After being alone for so long, I’m standing on one side of an ampersand and I’ve forgotten what the other side looks like. I’ve never truly been good friends with the ampersand; it’s so serious and official. I truly want to be with somebody but not with an ampersand in between.
He used to be my friend until he wasn’t. He used to be on my side until he wasn’t. Why are there sides? Why can’t I see sides most of the time? I’ve found myself in the middle of fights and I have no idea how I got there. He never spoke up so I couldn’t possibly know something was wrong.
She never loved herself until she did. There certainly aren’t any sides, except our own. If there’s one side that exists that we can actually control is loving being inside our bodies. That’s a side you can’t go against.
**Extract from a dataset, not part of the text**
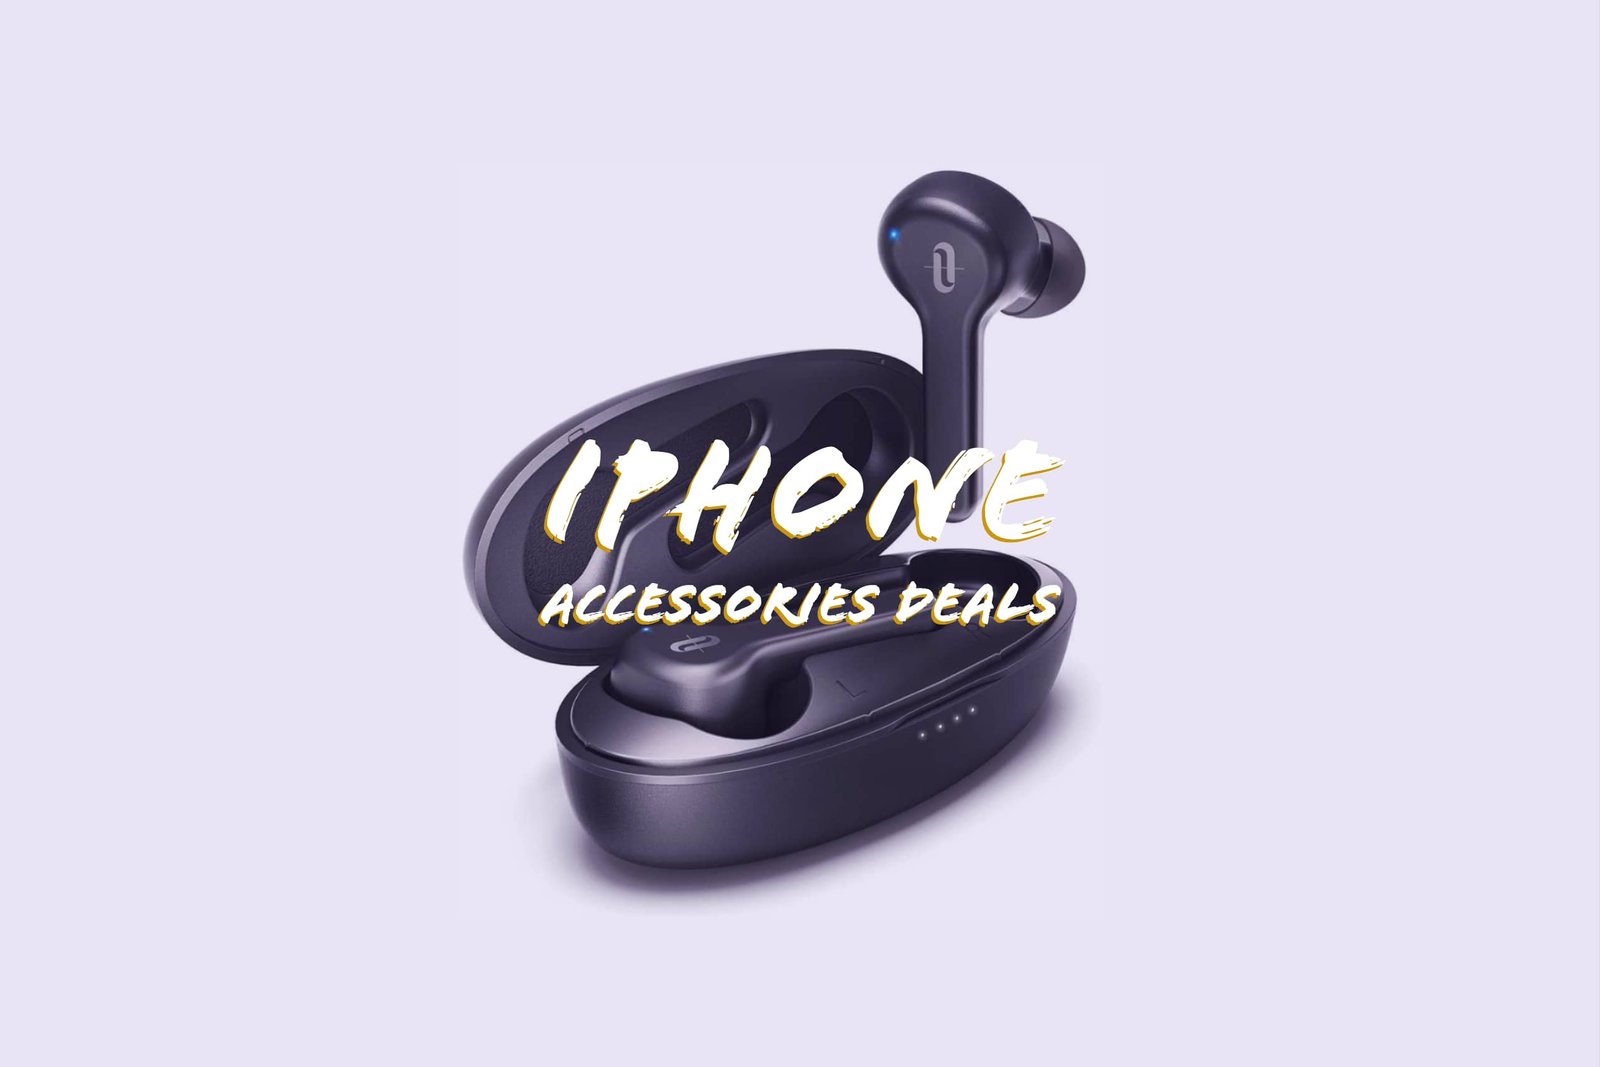 iphone deals accessories

I’ve felt utterly and completely alone except when I deeply appreciate myself. The lessons have been endless and I don’t like picking sides. I like choosing what feels right.
Her father figure hurt her. Her mother figure loved her. What side should she pick? It’s a no brainer. Not picking sides sometimes can be as damaging as any other poison created by any wicked witch. Stay close to someone that hurts you long enough and you’ll end up hating yourself. Then you’ll have a harder time learning how to be on your own side.
Try to stay balanced and peaceful so that there isn’t a side to choose. Try to pick them all so you can see the different angles of the movie of your life. Unless someone is trying to hurt you, then pick the opposite side of that coin. Never let go of who you are, even when it’s hard. Be on your side even if no one else is. Now that’s a side worth picking.